# Passed my first shorts certification



## Damian Mavis (May 9, 2002)

Oh my freaking god.  That was way harder than it looked the past few times I watched people test.  I swear my heart was about to explode and my lungs were burning something fierce.  My legs turned into 100 pound weights and I could barely get my hands up in time to keep from getting knocked out, why I wore 16 ounce gloves is beyond me..... they seemed to turn into 20 pound gloves, I should have found some 12 ounce gloves.   

My test consisted of 2 rounds of shadow boxing to demonstrate technique (which I pushed waaaaay to hard for and spent valuable energy I needed for the next part) Followed by 2 three minute rounds of kicking and kneeing the pads while the holder is kicking you in the legs, torso and head! (I had no idea they were going to kick me in the head but I think I got special treatment being a TKD instructor)  My injuries aren't too bad, they consist of: charlie horse on my left thigh, a giant black welt on the inside of my right knee, a sore jaw from catching a right cross with that thai shield and a red welt on my ribs from letting one kick get through my guard. ( when that kick landed I got a sharp pain and couldnt breathe in...I thought for a second it was all over but I pushed through and caught my breath back).   After that was finally over....I was shocked to find out I had to do 2 more rounds of 5 5 5.  Five five five is 5 kicks, 5 knees and then swing your holder and follow up 5 kicks.  That is a killer workout just in class let alone when the pressure is on and everyones shouting at you to keep moving and the holder is resisting your swing so you have to use twice as much energy just to move the guy.  After 2 rounds of that I thought for sure I must have just shaved off a couple years of my life from pushing my heart too hard but thankfully it was all over.

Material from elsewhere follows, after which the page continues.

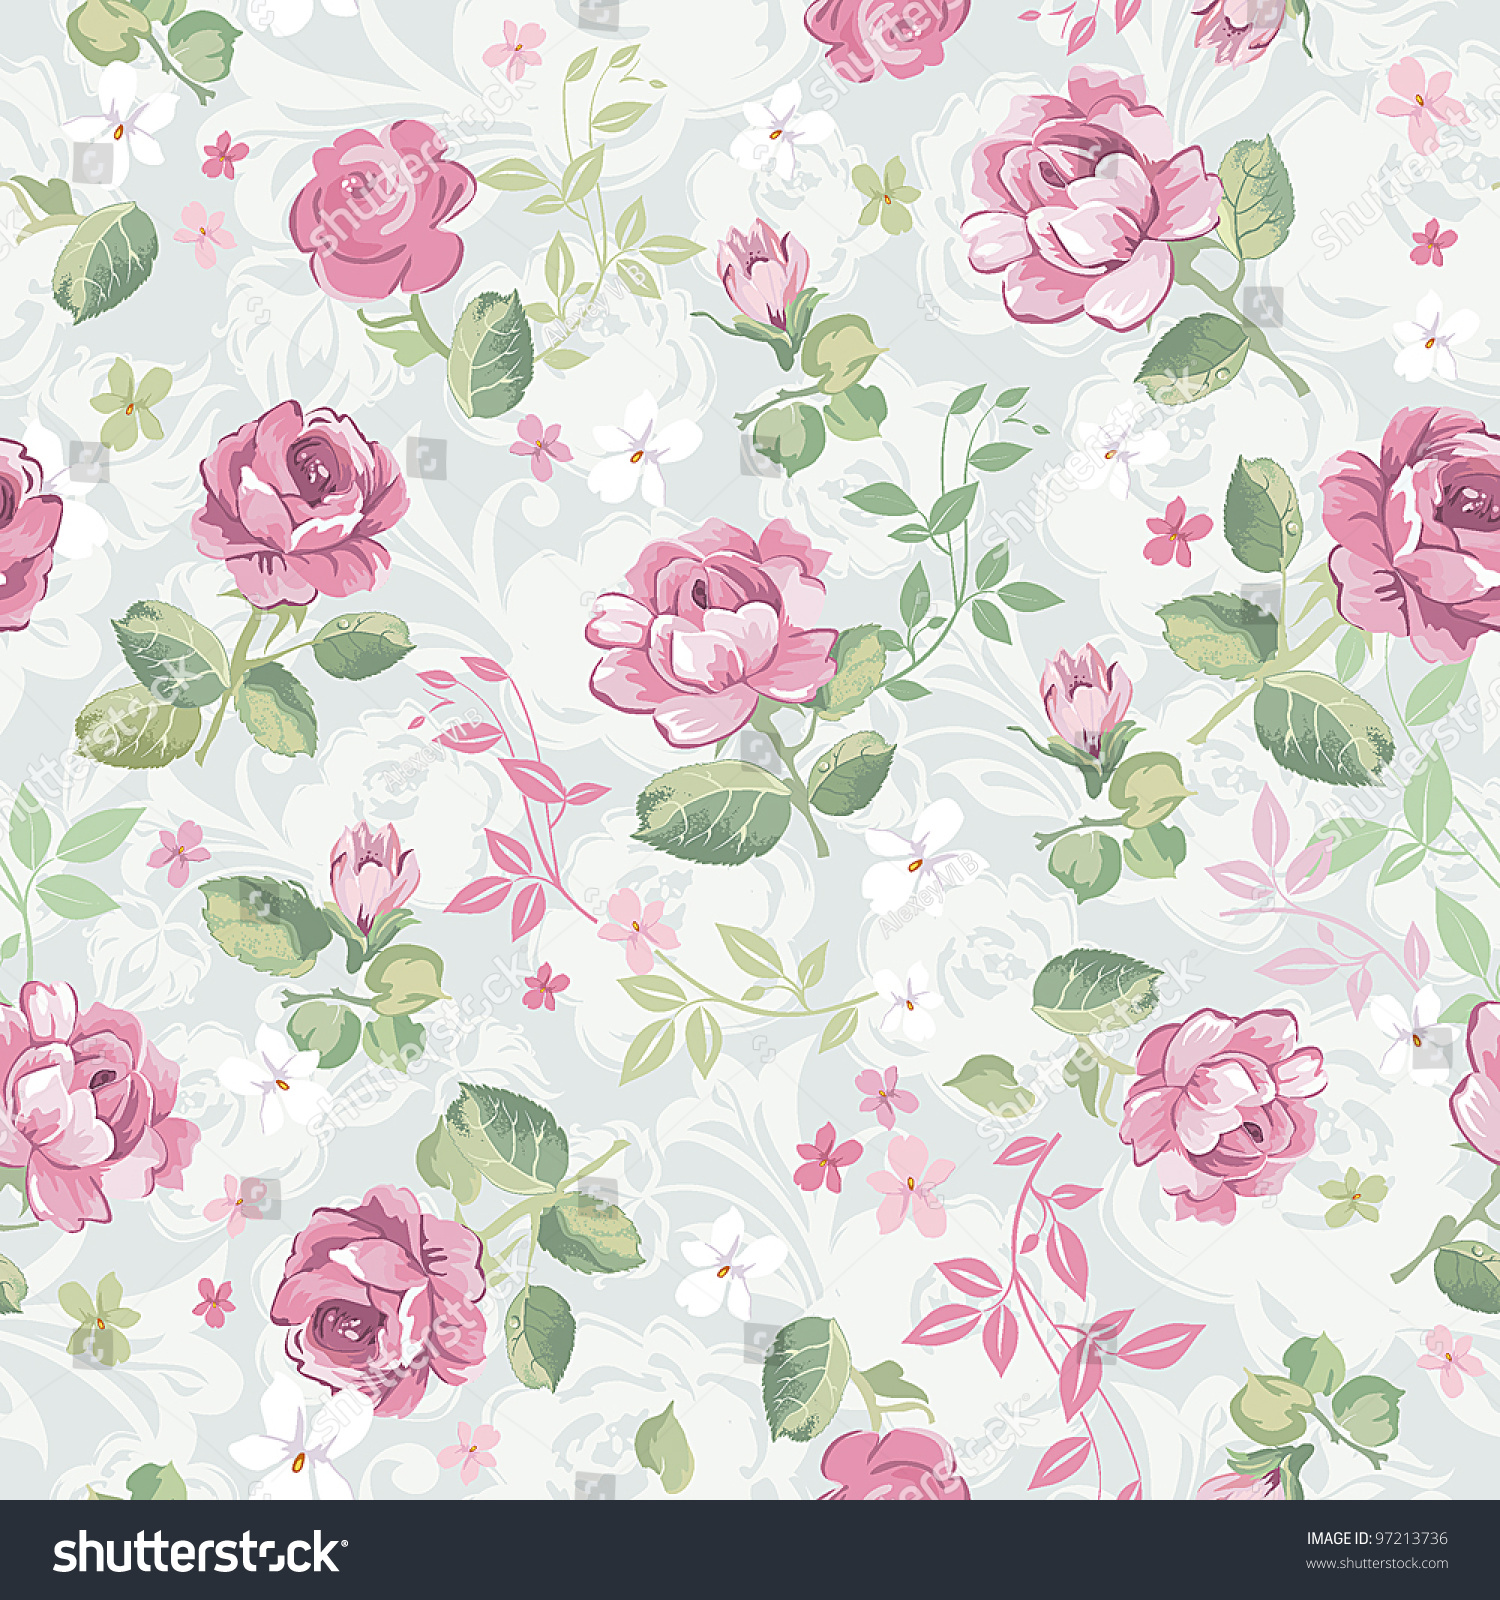 Abstract Elegance Seamless Floral Pattern Beautiful Stock Vector ...

What was really nice about the whole thing was that some of my senior students had come to watch and cheer me on and even took photos which I will be putting up on my website if any of you are interested in seeing them.  Photos will probably be up next week.  

At the end of the test my girlfriend gave me certified Thai shorts that she had just bought me for my birthday.  It was a great night. (I turn 29 in 16 minutes)

If you read all this, thanks!

Damian Mavis
Honour TKD


----------



## arnisador (May 9, 2002)

That's great! Thanks for sharing the details with those of us who are curious about these things. Yes, please let us know when the photos are up.


----------



## Damian Mavis (May 14, 2002)

I put the photos from the shorts certification up on my TKD website.  Just go to photos and click the correct link.

Damian Mavis
Honour TKD


----------



## Brian Twitty (May 14, 2002)

Congratulations Mr. Mavis!  I am going to take my Level 1 test this fall.  I am glad to know that someone else does both Taekwon-Do and Muay Thai/Filipino Kali/Silat/JKD.  Have you met Ajarn Chai yet?  He's absolutely awesome!  If you get the chance to go to one of his seminars -- DO IT!  Anyway, congrats!


----------



## Damian Mavis (May 14, 2002)

Thank Brian Twitty, yes I do exactly what you listed and yep I've met Ajarn Chai.  He's a great guy!  He probably wouldn't even remember me but he was very impressed with my girlfriend (shes Laos and could speak Thai to him fairly fluently) so thanks to her he talked to me more too!  I look forward to my next seminar with him and the seminar in June when Dan Inosanto comes down! woohoo

Damian Mavis
Honour TKD


----------



## ThuNder_FoOt (May 24, 2002)

Wow, cogratulations Damien!!! Good perserverance in holding out through the testing. I have never actually gone through any shorts certification tests, but I believe that i will invest in some of Ajarn Chai's seminars. It sounds really challenging! You think I too would get special treatment since I do TKD??? ...hehehe.  Well, I'd hope not.. sounds painful.  So what's you TKD site addy? I'd like to check those out. Congratulations again, and I suppose you'll be taking out the tiger balm, aye?:asian:


----------



## Damian Mavis (May 24, 2002)

Thanks Thunderfoot!
Just click on the WWW under my name on the left!

Damian Mavis
Honour TKD


----------



## ikenpo (May 24, 2002)

Congrats,

Good insight into the test.

jb:asian:


----------



## KumaSan (Jul 4, 2002)

Your first shorts cert sounded a lot harder than ours. Good on ya mate, that sounds tough as hell. On one hand I don't envy you a bit, but on the other, you know that's unusual for level 1, don't you? At least you get about 2 years off for level 2 to prepare.

One of the guys who went up for his instructor cert almost got knocked out a couple times back in may. It was fun to watch.


----------